After perfecting my camping skills while camping with high-school buddies, I adapted Daddy’s camper’s omelet by using a C-ration that was supposed to be a scrambled-egg cake with tiny chunks of ham in it. I only did this if I happened to find some wild onions during the previous day’s infantry training. I’d chop up the canned eggs (without the can) and onions in my mess-kit frying pan, and then add another C-ration called “pork slices cooked with juices.”
To this, I added cheese spread from the accessory package, plenty of salt, pepper, Tabasco sauce and Fort Bragg sand. It wasn’t Denny’s, but it was OK.
The bad thing — if there is a bad thing — about camp cooking is the risk of a little dirt in your food. And bugs — lots of bugs, actually. Mosquitoes, mostly. Deer flies (also called swamp or yellow flies) could be a nuisance too, but you get used to them after a few days.
And “days” is the key to camp cooking that most folks don’t think about. It’s not the same as cooking on your back-porch grill, where you can run inside if it gets too hot or too cold, or when you’ve had about all the bug bites you can stand. And you can’t go back in the house to get something you need to continue cooking.

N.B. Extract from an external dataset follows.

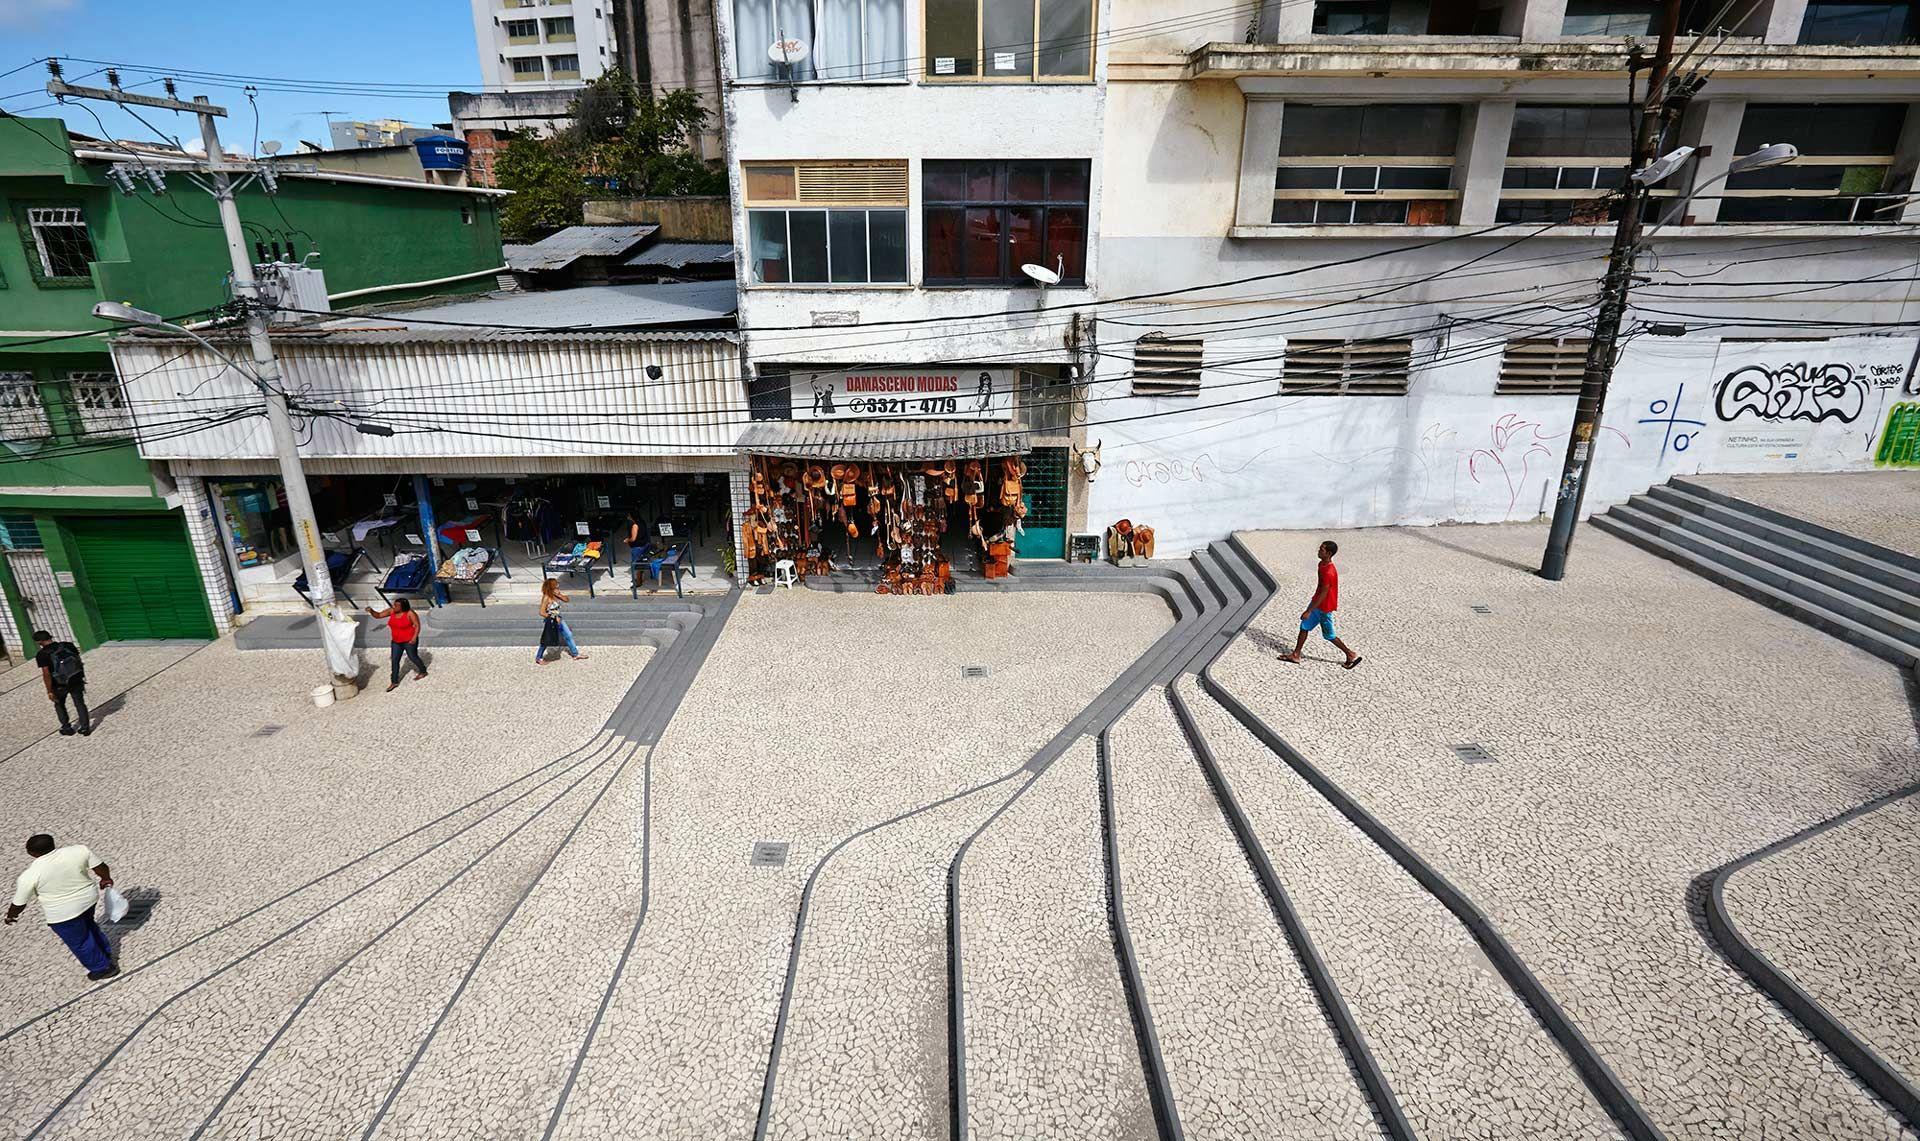 Ladeira_da_Barroquinha-Urban-Staircase-Brazil-Metro_Arquitectos-02 ...

If you forget to bring the extended “wiener” forks for your Ballpark Angus beef hotdogs, you can improvise with a long, sturdy, green stick. Always use green because if it’s dry, your hotdog and stick will both be in the fire before you know it.
If you are camping and forgot to bring food, it takes a little more time to improvise a replacement. Every outdoorsman knows fish will bite when you’re half-dreading the thought of taking them home to clean and put in the freezer. If you need to catch, clean, cook and eat them right now, they won’t bite.
That’s why it’s a good idea to always bring extra chow like Ramen noodles, trail mix or beef jerky.
My all-time favorite training exercise really was a week-long camping trip spent on a huge lake near Valdez, Alaska. We set up camp on a small peninsula. When we were not actually training, I was making use of the portable Shakespeare rod and reel I kept in my ruck. I admit the grayling trout I caught by the dozens were not keeper-size (legal), but my platoon buddies were glad to help eat the evidence.
Our platoon sergeant brought a Dutch oven, so I suggested we start a camper’s stew. Everyone contributed a can of something, but it needed more meat. Another guy carried a Ruger survival rifle in his ruck. This .22-caliber rifle came in three pieces and was perfect for squirrel hunting. I borrowed it and left camp, returning half an hour later with a half-dozen parka squirrels.
I could have gotten more, but I also came across some fresh bear scat. From the humongous bear tracks found nearby, it was clear this bear was too big for the stew pot. Besides, it’s wise to leave bears alone. Bears can be a bigger nuisance than deer flies and can ruin an otherwise fine campout.